Леопард может прикинуться мёртвым и часами неподвижно лежать поблизости от тропы к водопою. Но стоит только ступить на тропу оленю или косуле, как пятнистая кошка оживает и мгновенно кидается на свою жертву.

Охотятся леопарды ночами и всегда в одиночку. Их добычей становятся чаще всего старые и больные животные: олени, косули, горные козлы.

Пятнистый олень

У пятнистого оленя золотистый, красновато-бурый мех, а спина будто присыпана снежинками, поэтому он и зовется пятнистым. Головы стройных красавцев-оленей увенчаны ветвистыми рогами, которые они ежегодно сбрасывают. Весной рога у оленей вырастают вновь.
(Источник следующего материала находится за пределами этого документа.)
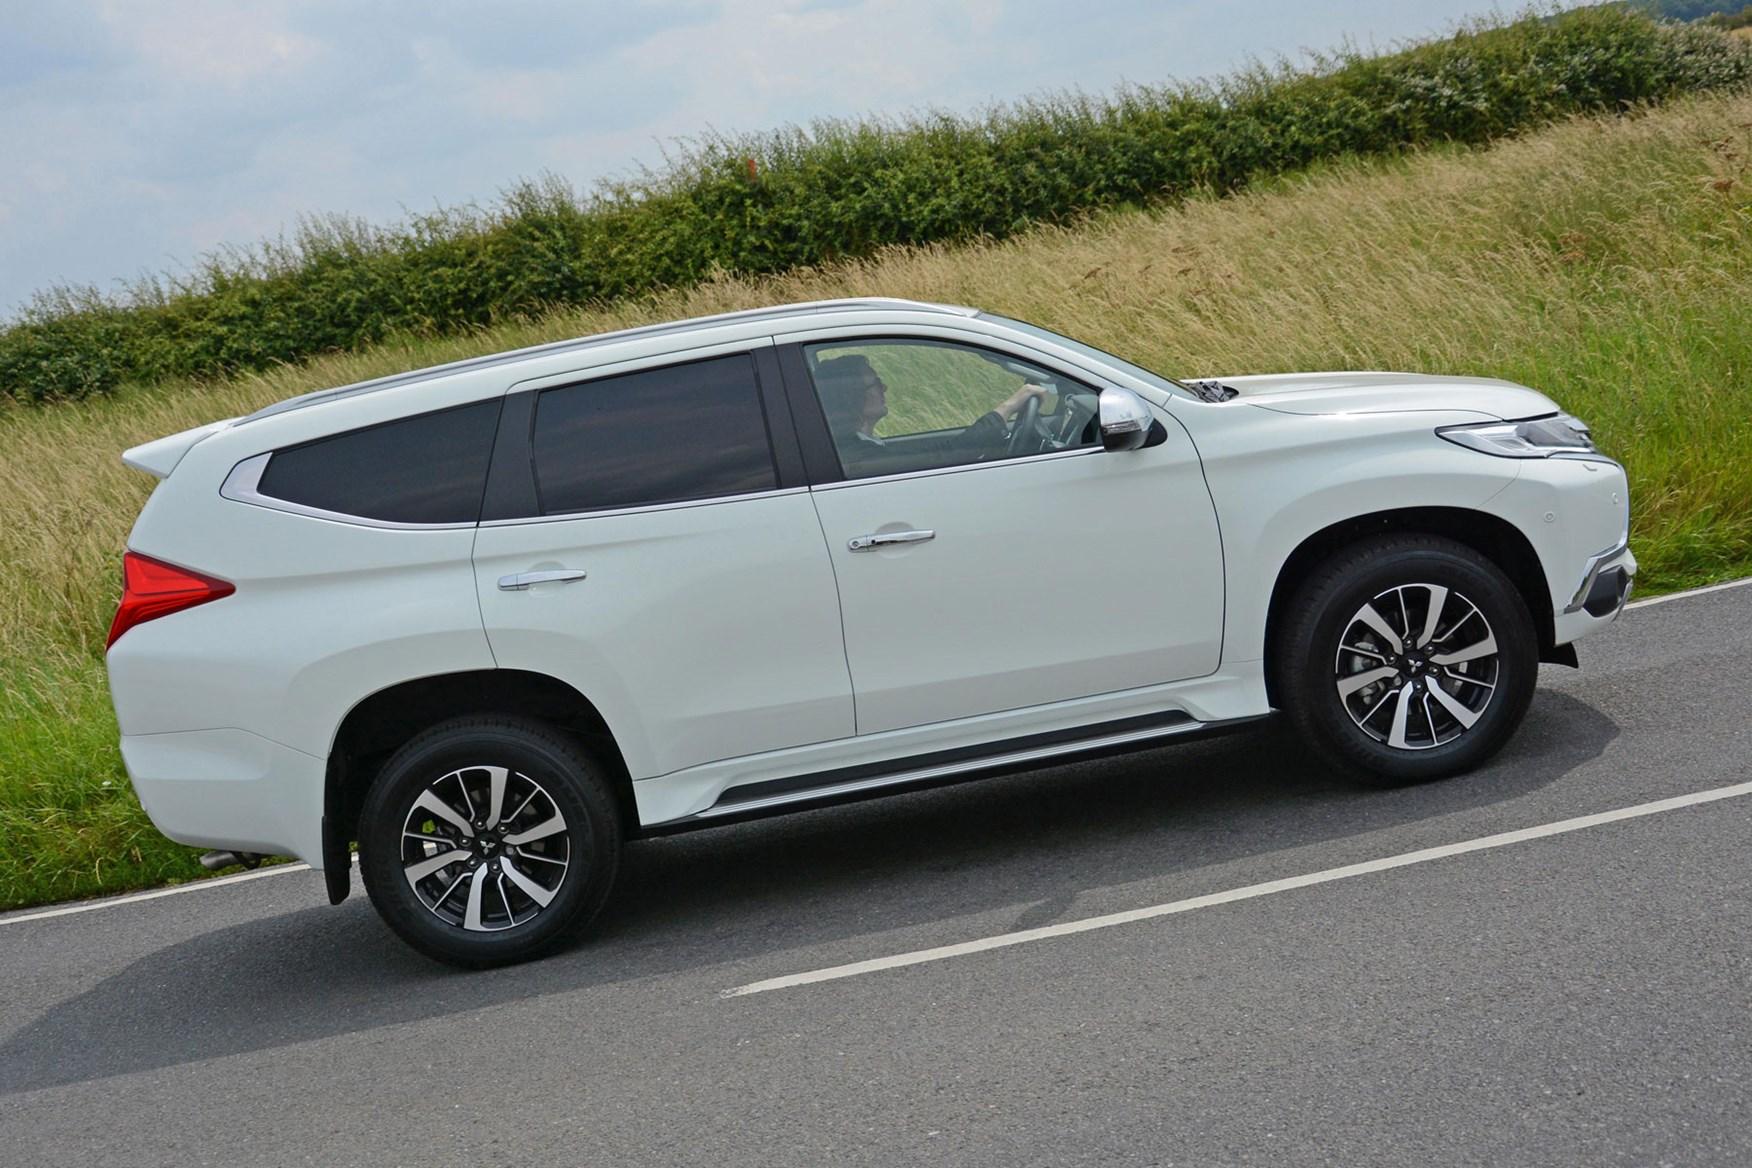 Mitsubishi Shogun Sport Commercial 4x4 van review - side view, white, driving

Самки оленей – оленухи – безрогие.

Стада пятнистых оленей пасутся в долинах рек, в широколиственных лесах и предгорьях. Олени едят травы, щиплют листья кустарников и деревьев, в особенности они любят жёлуди.

В мае у оленух появляются на свет оленята. Заботливые и чуткие матери прячут своих малышей в высоких травах и кустарниках. Среди зелени и солнечных бликов оленят трудно заметить хищникам – волку, тигру или леопарду. Как только голенастые оленята перестанут сосать материнское молоко, подрастут за лето и научатся бегать, оленухи приведут их в стадо.

Красный волк

В Уссурийском крае красный волк – редкий зверь. Встречается он только в горных лесах. У этого хищника шерсть рыже-красная, густая и длинная, а хвост пушистый. Морда узкая. Уши большие и острые. Внешне он похож как на волка, так и на крупную рыжую лису. Да и по размерам он представляет нечто среднее между ними. Лапы, низ туловища и кончик хвоста у него белые.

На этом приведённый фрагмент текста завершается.